In his book Wonderful Life, the late Stephen Jay Gould, former professor in the Department of Organismic and Evolutionary Biology at Harvard, popularized the “weird wonder” stem-group arthropods Opabinia and Anomalocaris, discovered in the Cambrian Burgess Shale, turning them into icons in popular culture. While the “terror of the Cambrian’ Anomalocaris—with its radial mouth and spiny grasping appendages—is a radiodont with many relatives, the five-eyed Opabinia—with its distinctive frontal proboscis—remains the only opabiniid ever discovered. That is, until now.
An international team of researchers led by Harvard University confirm that a specimen previously considered a radiodont is in fact an opabiniid. The new study in Proceedings of the Royal Society B used novel and robust phylogenetic methods to confirm Utaurora comosa as only the second opabiniid ever discovered and the first in over a century.

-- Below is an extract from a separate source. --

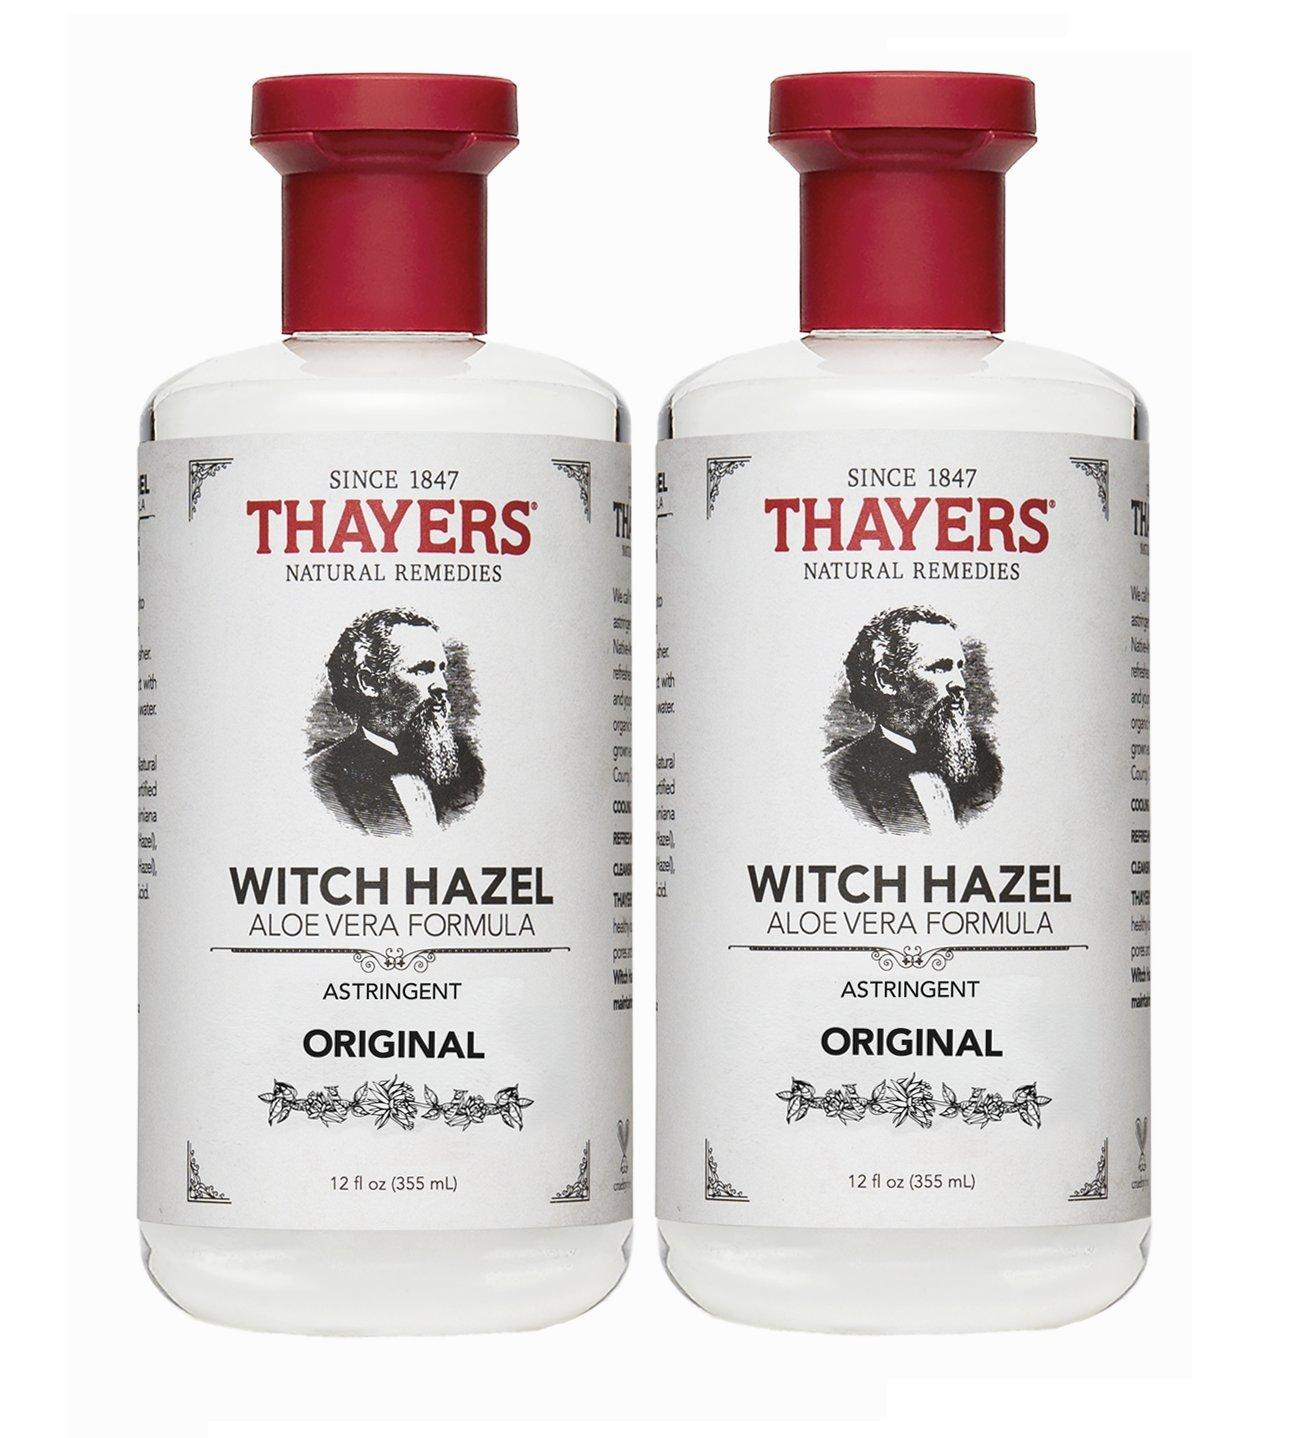 Thayers Witch Hazel with Aloe Vera, Original Astringent, 12 Fl Oz (Pack of 2)
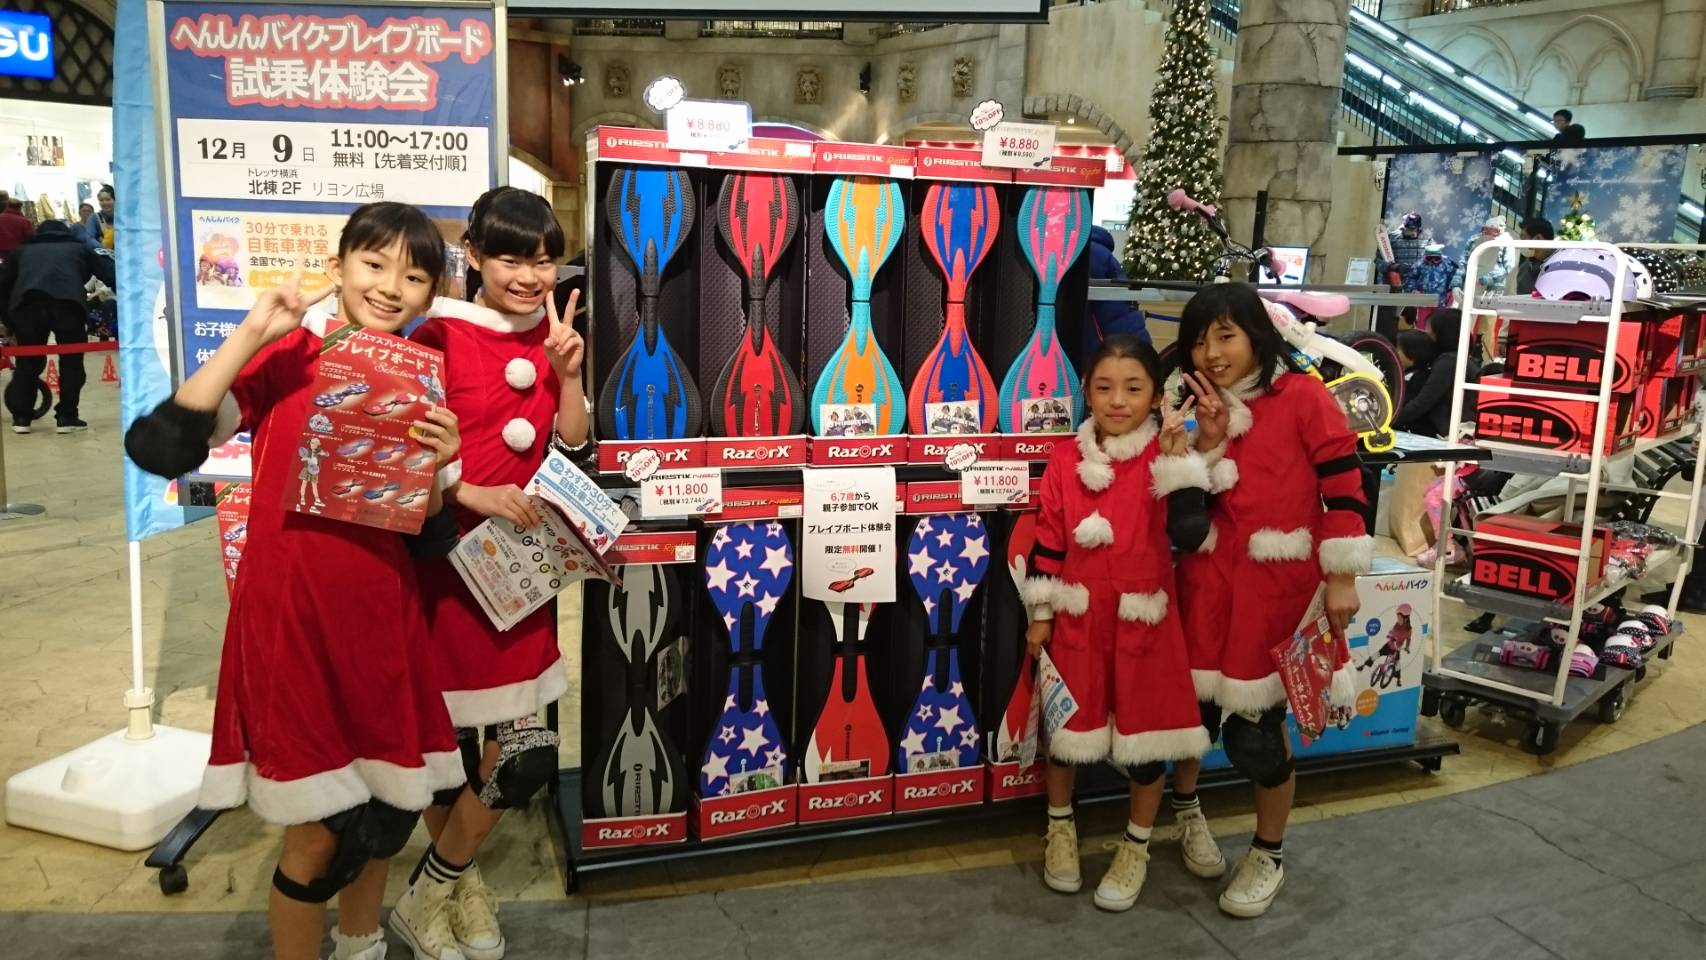 BBGクリスマスイベント サンタ衣裳

Utaurora comosa, found in the 500 million-year-old middle Cambrian Wheeler Formation of Utah, was first described in 2008 as a radiodont. Co-lead author Stephen Pates, former postdoctoral fellow in the Department of Organismic and Evolutionary Biology (OEB) at Harvard, first encountered the specimen at the University of Kansas Biodiversity Institute & Natural History Museum while a graduate student. Pates was studying the diversity of radiodonts and felt this specimen did not exactly fit with a true radiodont. Upon joining senior author Professor Javier Ortega-Hernández’s lab in OEB, Pates worked with co-lead author Jo Wolfe, postdoctoral fellow in OEB who studies the relationships of fossil and living arthropods, to determine where Utaurora best fit in the tree of life.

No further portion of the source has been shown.